Recent discoveries in the field of evolutionary developmental biology have shown that variations can be introduced into a species via genetic drift, mutation, and reshuffling of genes during sexual reproduction, as well as through migration between populations. These processes, along with others such as directional selection or genetic erosion (changes in the frequency of an individual's genotype over time), can lead to evolution which is defined by change in the genome of the species over time and also by changes in phenotype over time (the expression of the genotype in an individual).
에볼루션 게이밍 can gain a better understanding of the concept of phylogeny by using evolutionary thinking throughout all aspects of biology. In a recent study by Grunspan et al. It was found that teaching students about the evidence for evolution boosted their understanding of evolution during the course of a college biology. For more information on how to teach evolution read The Evolutionary Potential in All Areas of Biology or Thinking Evolutionarily: a Framework for Integrating Evolution into Life Sciences Education.
Evolution in Action
Scientists have traditionally studied evolution through looking back in the past, analyzing fossils and comparing species. They also study living organisms. But evolution isn't a thing that happened in the past; it's an ongoing process, happening today. Bacteria transform and resist antibiotics, viruses re-invent themselves and elude new medications and animals alter their behavior in response to the changing environment. The changes that result are often visible.
에볼루션 게이밍 wasn't until the late 1980s when biologists began to realize that natural selection was at work. The key is that various traits confer different rates of survival and reproduction (differential fitness) and can be passed down from one generation to the next.
In the past, if one particular allele, the genetic sequence that defines color in a population of interbreeding organisms, it might quickly become more common than the other alleles. In time, this could mean the number of black moths in a particular population could rise. The same is true for many other characteristics--including morphology and behavior--that vary among populations of organisms.
The ability to observe evolutionary change is easier when a particular species has a fast generation turnover, as with bacteria. Since 1988, Richard Lenski, a biologist, has tracked twelve populations of E.coli that descend from one strain. Samples of each population were taken regularly and more than 500.000 generations of E.coli have been observed to have passed.
Lenski's work has demonstrated that a mutation can profoundly alter the speed at which a population reproduces and, consequently the rate at which it changes. It also shows evolution takes time, something that is difficult for some to accept.

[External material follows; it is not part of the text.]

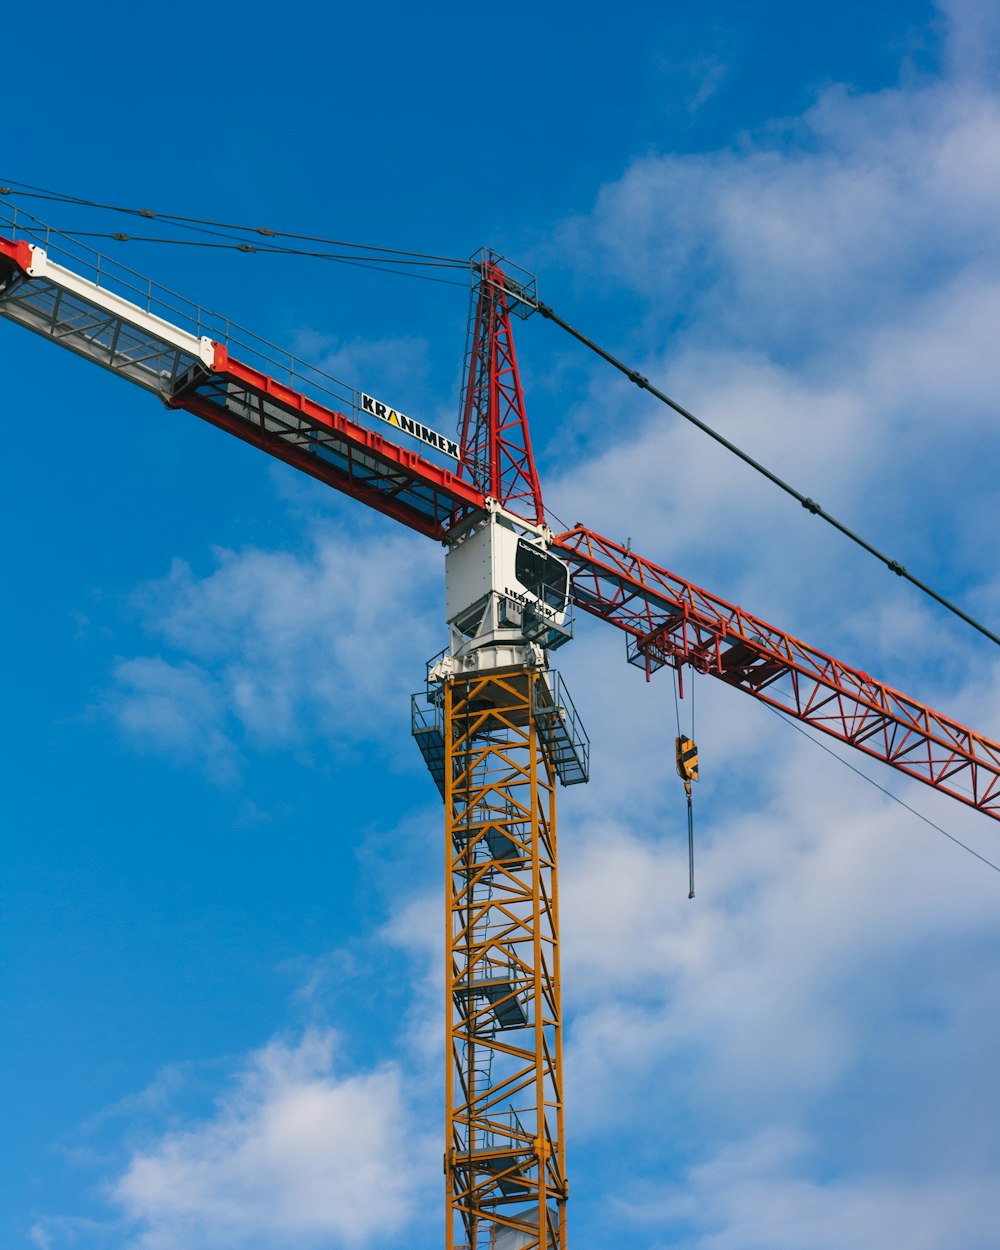 a red and white tower crane against a blue sky
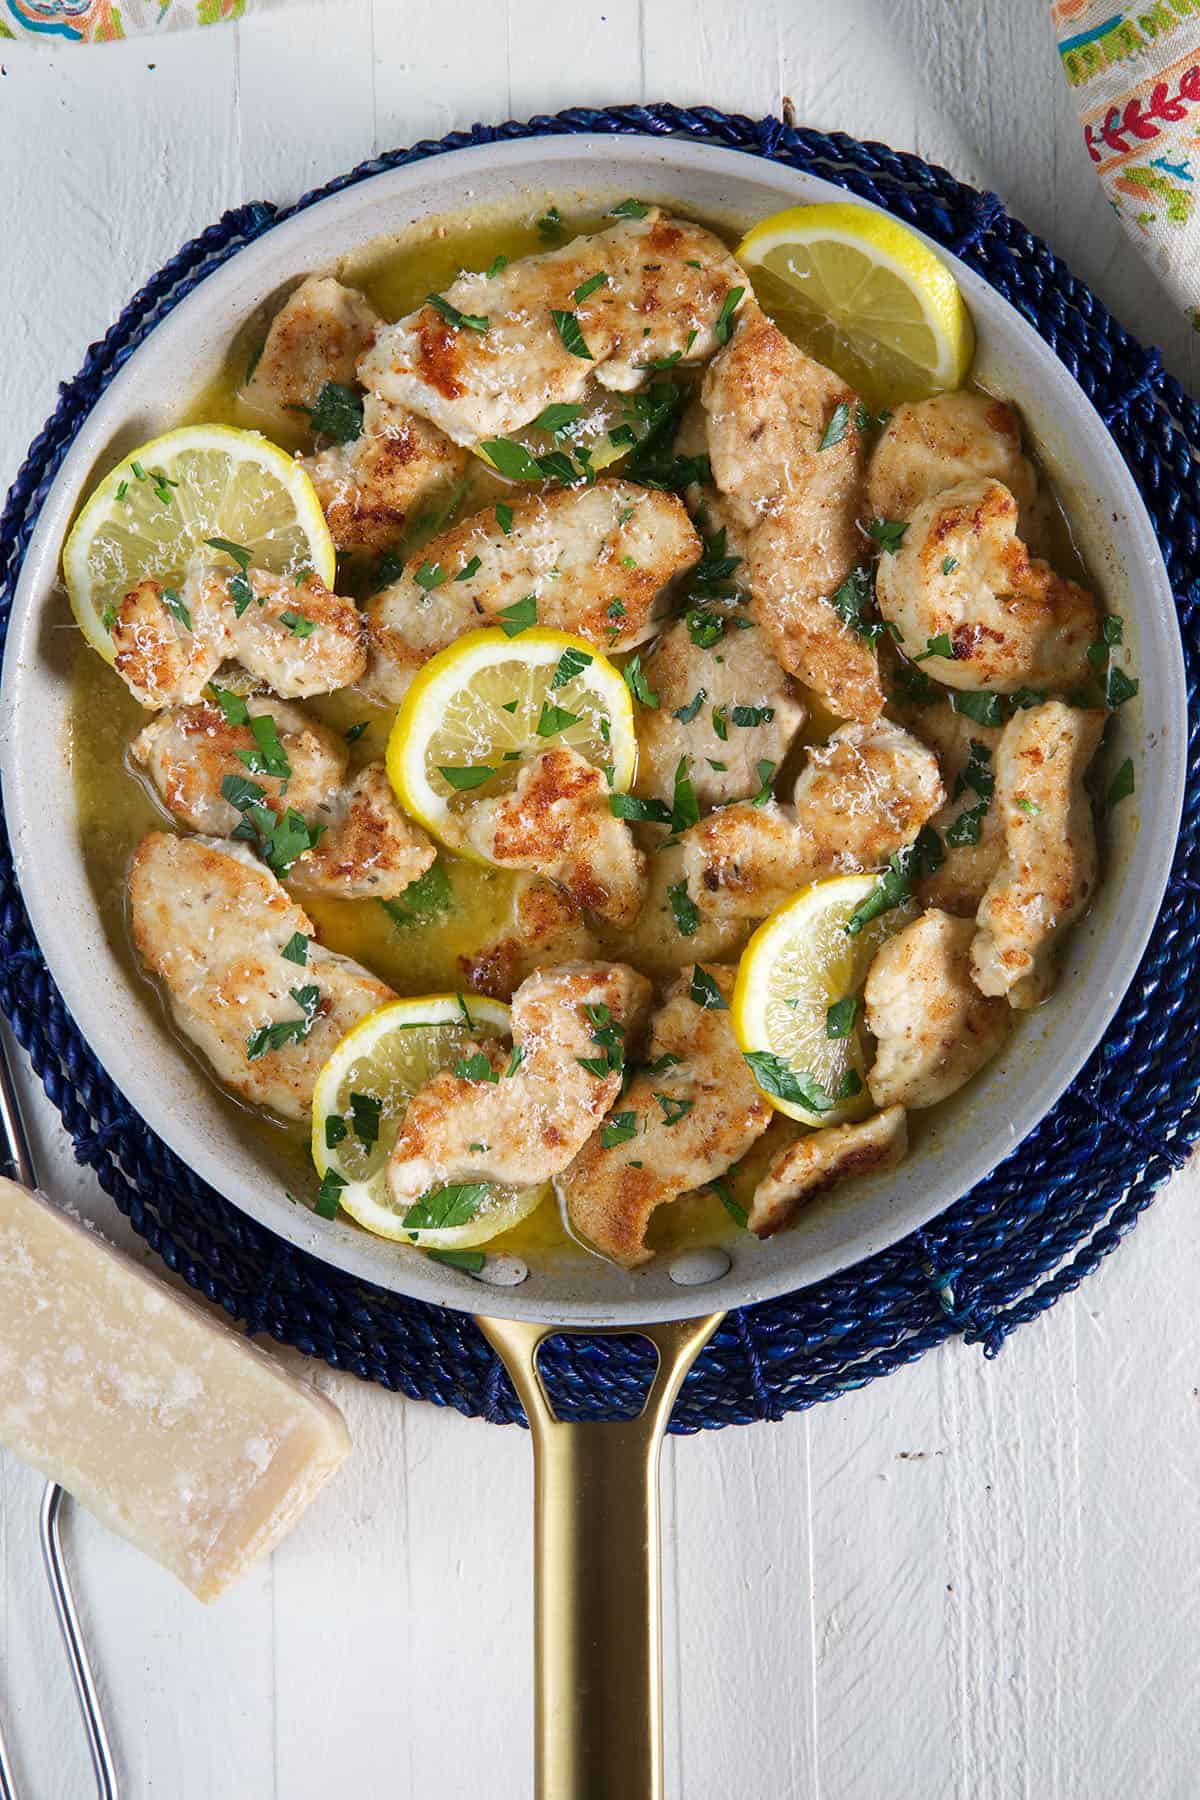 A large pan is filled with cooked chicken and lemon slices.

Another example of microevolution is how mosquito genes that confer resistance to pesticides are more prevalent in areas in which insecticides are utilized. This is due to the fact that the use of pesticides causes a selective pressure that favors individuals with resistant genotypes.
The rapidity of evolution has led to a greater recognition of its importance especially in a planet that is largely shaped by human activity. This includes pollution, climate change, and habitat loss, which prevents many species from adapting. Understanding evolution can help us make better choices about the future of our planet, as well as the lives of its inhabitants.